Figure 1.
Selection history of the experimental populations.
The Grand Ancestor population (GA) was maintained in benign laboratory conditions, and was used to initiate populations maintained on salt-enriched media (AS) or cadmium-enriched media (AC). The treatment populations were produced by crossing two ancestral population AS and AC. There are 5 replicate populations of each of the four treatments (not illustrated).
Figure 2.
Mean survival in cadmium (A) or salt (B) environment.
Each point represents the mean survival of ∼140 full-sib families for each population. Each bar represents the mean across five replicate populations for each treatment.
Figure 3.
Differentiation between salt and cadmium populations.
Sliding-window (5 kb non-overlapping) plots of differentiation along chromosome 3R: the average -log(q-value) from the CMH test (A) and the average difference in mean allele frequency (B) between the salt and cadmium populations. For each environment, the data are calculated based on the environment-specific ancestor and the five replicate populations. The ratio of the number of genic to intergenic sites (C) and the ratio of the number of coding sites to intronic sites (D) in different -log(q-value) bins using data from the whole genome. To compare the magnitude of the ratios for different functional catergories, the ratios are standardized around 1 by dividing the mean ratio among the 11 bins. Strong significance corresponds to larger values of -log(q-value).
Table 1.
The number of highly differentiated sites between each pair of treatments.
Figure 4.
Average diversity (π) within experimental populations across the genome.
Each point represents the mean π across the common sliding windows (including non-variable sites) for each population. Though ancestral populations are shown for reference, we are primarily interested in the mean diversity (π) among the four treatments that were created by crossing AC and AS. There is significant variation among the four treatments (F3,16 = 9.68, P = 0.0007). The “b” group is significantly higher than the “a” group based on ANOVA Tukey HSD test. Spatial has significantly higher diversity than the Temp (Padj = 0.0006, Tukey HSD), the Salt (Padj = 0.026) and the Cad (Padj = 0.0036).
Figure 5.
Mean π within treatments as function of differentiation (d) between the ancestral source populations (AC and AS).

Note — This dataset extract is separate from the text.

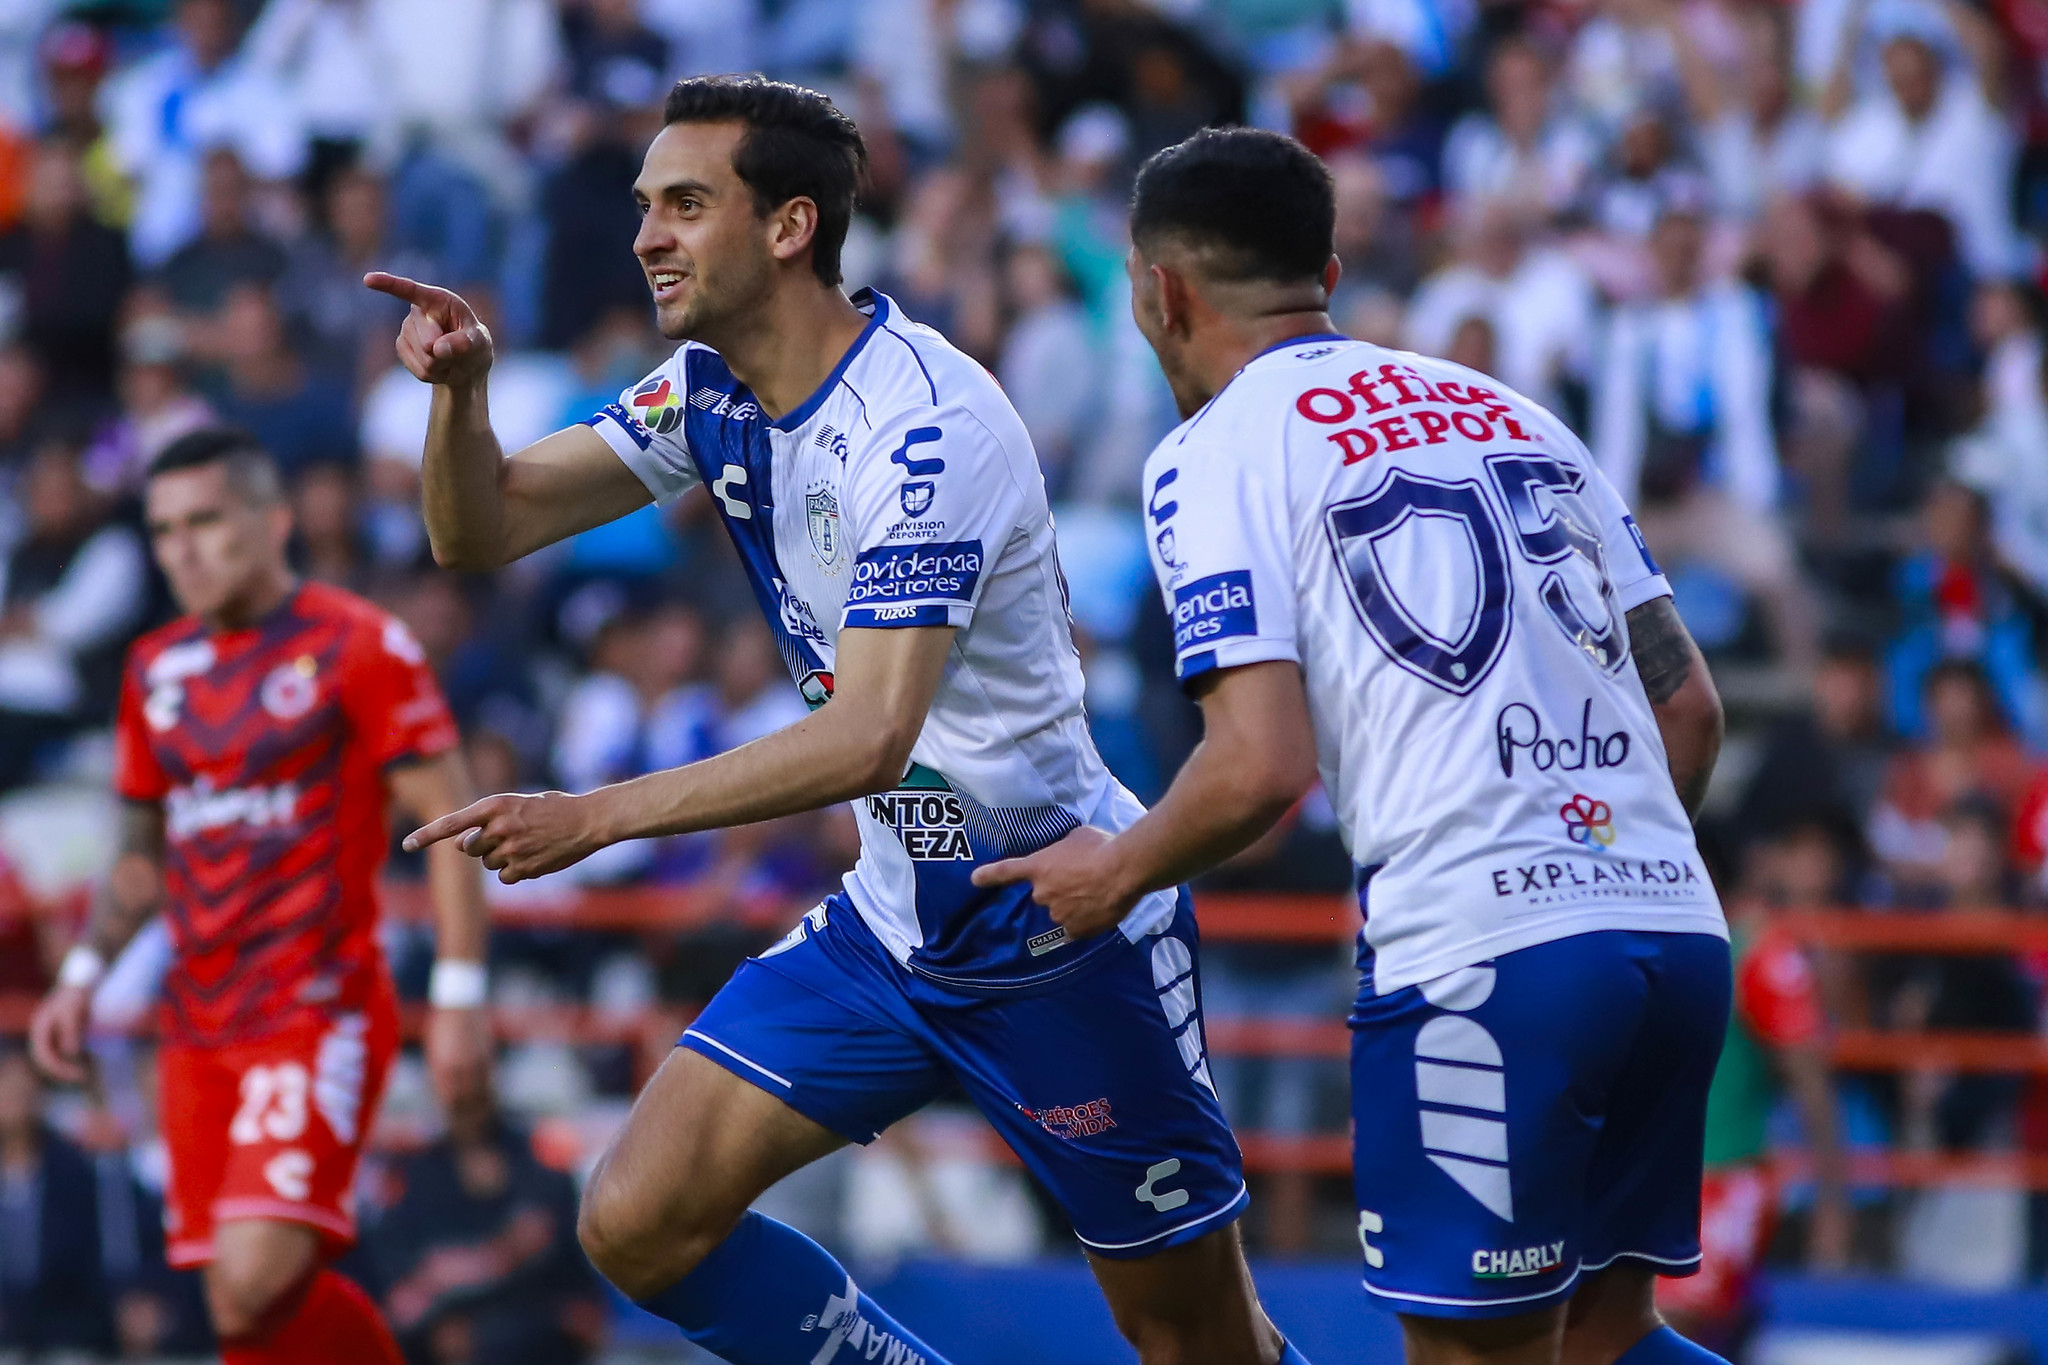 Xolos de Tijuana vs Club León | Liguilla Clausura 2019 | Cobertura en vivo

(A) and (B) The average π across different levels of ancestral differentiation for (A) all χ-site SNPs or (B) only those χ-site SNPs that have high initial diversity (πini>0.4). The x-axis is the allele frequency difference between ancestral populations, d = |pAC−pAS|. Error bars represent the standard error among the five replicates for each treatment. (C) and (D) Comparison among treatments in average π for sites that have high initial diversity (πini>0.4) using sites with (C) weak ancestral differentiation (d<0.3) or (D) strong ancestral differentiation (d>0.7). For the weakly differentiated sites (C), Spatial has significantly higher diversity than the Temp (Padj = 0.006, Tukey HSD) and the Salt (Padj = 0.028). For the highly differentiated sites (D), both Spatial and Temp treatments have significantly higher diversity than the two constant treatments (Padj<0.03 between any a & b pairs).
Figure 6.
FST values for each treatment in different regions.
We screened for the χ-sites above with πini>0.4 and divided them into five recombinationally independent regions of the genome. For weakly differentiated sites (d<0.3, Figure 6A), There is significant variation among treatments in FST values with Temp being highest among them (F3,16 = 6.72, P = 0.0038). The Temp has significantly higher FST than Spatial (Padj = 0.002). The difference between Temp and the two constant treatments are marginally non-significant (Temp vs. Salt: Padj = 0.084; Temp vs. Cad: Padj = 0.087). For highly differentiated sites (d>0.7, Figure 6B), the FST values do not significantly differ among treatments (F3,16 = 1.16, P = 0.35). For both weakly and highly differentiated sites, the treatments do not differ in expected total heterozygosity (HT) (F3,16 = 1.02, P = 0.41, Figure 6C; F3,16 = 1.59, P = 0.23, Figure 6D).